If correct procedures were followed  when the gas was installed in July 2015 the error would have been identified, it concluded.

“That commissioning and testing process was also flawed … so you have the combination of those two errors that led to this fatal incident,” Dr Chant said.

South West Sydney Local Health District, which oversees the hospital, and BOC failed to comply with national standards for installing medical gas, the report found.

“Clearly we have failed the families [of the babies],” she said.

The Ghanem family were “deeply distressed” by the report’s findings, their lawyer Stephen Mainstone said in a statement on Saturday.

“If proper procedures had been followed regarding the installation and testing of the gases, this tragedy would not have occurred,” he said.

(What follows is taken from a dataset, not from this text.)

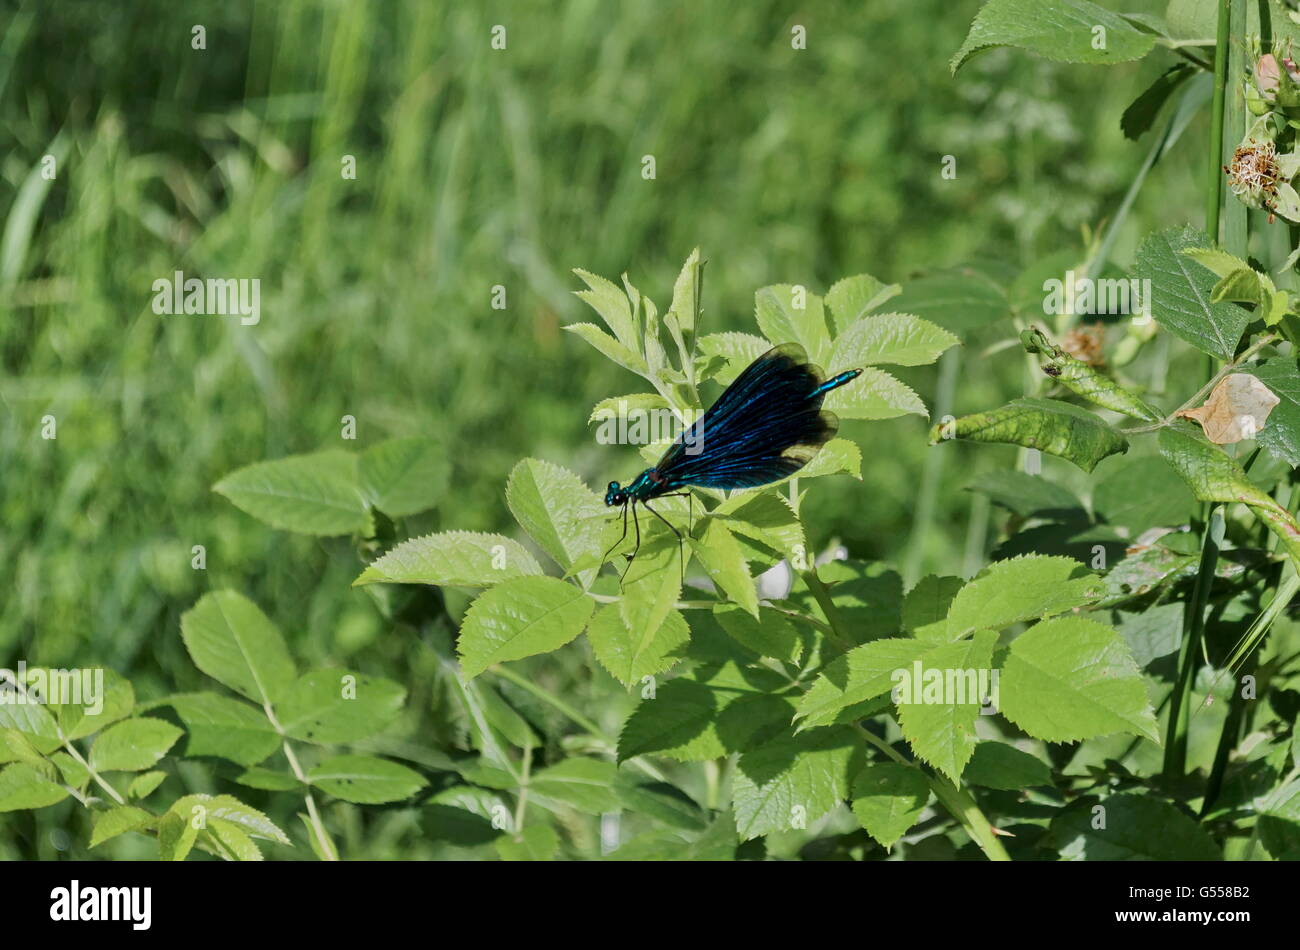 Blue odonata or dragonfly on green leaf, Sofia, Bulgaria Stock Photo

The family’s pain and suffering had been further exacerbated by the health minister’s insistence on providing the interim and final reports to them without giving them sufficient time to properly consider the findings before she released them publicly, Mr Mainstone said.

“The minister has continually stated she is deeply sorry for the pain and suffering caused to the family. The timeliness of the release of these reports has done nothing to relieve that,” he said.

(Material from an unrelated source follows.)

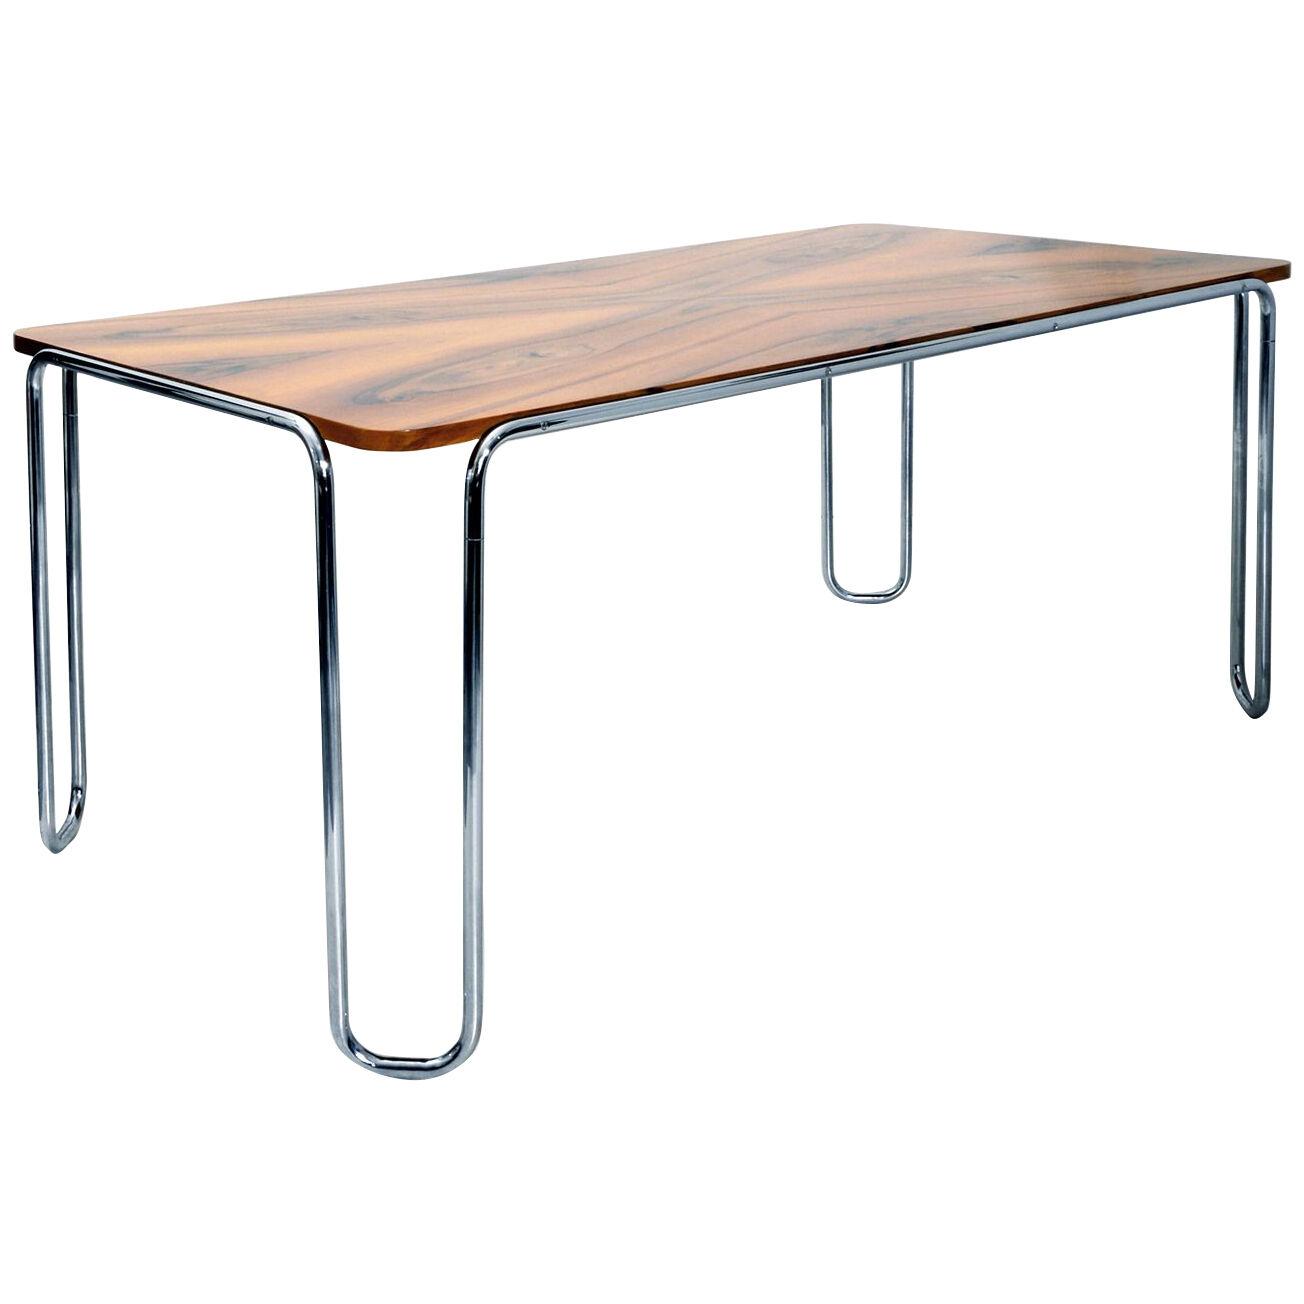 Modernist customizable tubular steel table by GMD Berlin

Mr Mainstone received the report via email at roughly 11.30am on Friday.

The family had not had the chance to see the report, and would not have time to process its contents before its was released on Saturday, Mr Mainstone said.

Health Minister Jillian Skinner did not front the press conference with Dr Chant. Her office said the Minister has apologised for the pain and suffering caused to the families. She did however briefly appear for TV cameras later in the day.

Opposition leader Luke Foley said it was “utterly outrageous” that Ms Skinner did not “front up” and she should be dumped immediately.

“I find it disgraceful that the government slips out a report through a public servant on a weekend,” Mr Foley said.

“Babies have been gassed in a NSW hospital … It is frankly a disgrace that neither Mike Baird or Jillian Skinner is standing up today,” he said.

The Health ministry has taken charge of continuing investigations into to whether further disciplinary action is needed, Dr Chant told the press conference.

Two employees have been stood down over the errors, a senior health bureaucrat and former general manager at the hospital, and a biomedical engineer.

An additional 13 people have been interviewed over the course of the investigation and a range of other people have been flagged for further interviews.

The Health ministry has taken charge of continuing investigations into to whether further disciplinary action is needed, Dr Chant said.

“It is important that we afford those individuals procedural fairness,” she said.

“The report also identifies that there is problems with the level of governance in relation to the commissioning of the clinical infrastructure of Bankstown Lidcombe Hospital and that need further investigation,” she added.

The report made several recommendations, including a separation between the person who installs the gas and the person who tests the installation.

SWLHD has been put on “performance watch” to ensure recommendations were implemented, she said.

“We are taking step to further strengthen our system to ensure the public has confidence that this will not happen again,” Dr Chant said.

In a statement on Saturday, Ms Skinner said: “The public can be assured the health system is safe”.

“The Ministry of Health will accept all recommendations raised in the Chief Health Officer’s final report to ensure this tragic error can never happen again.”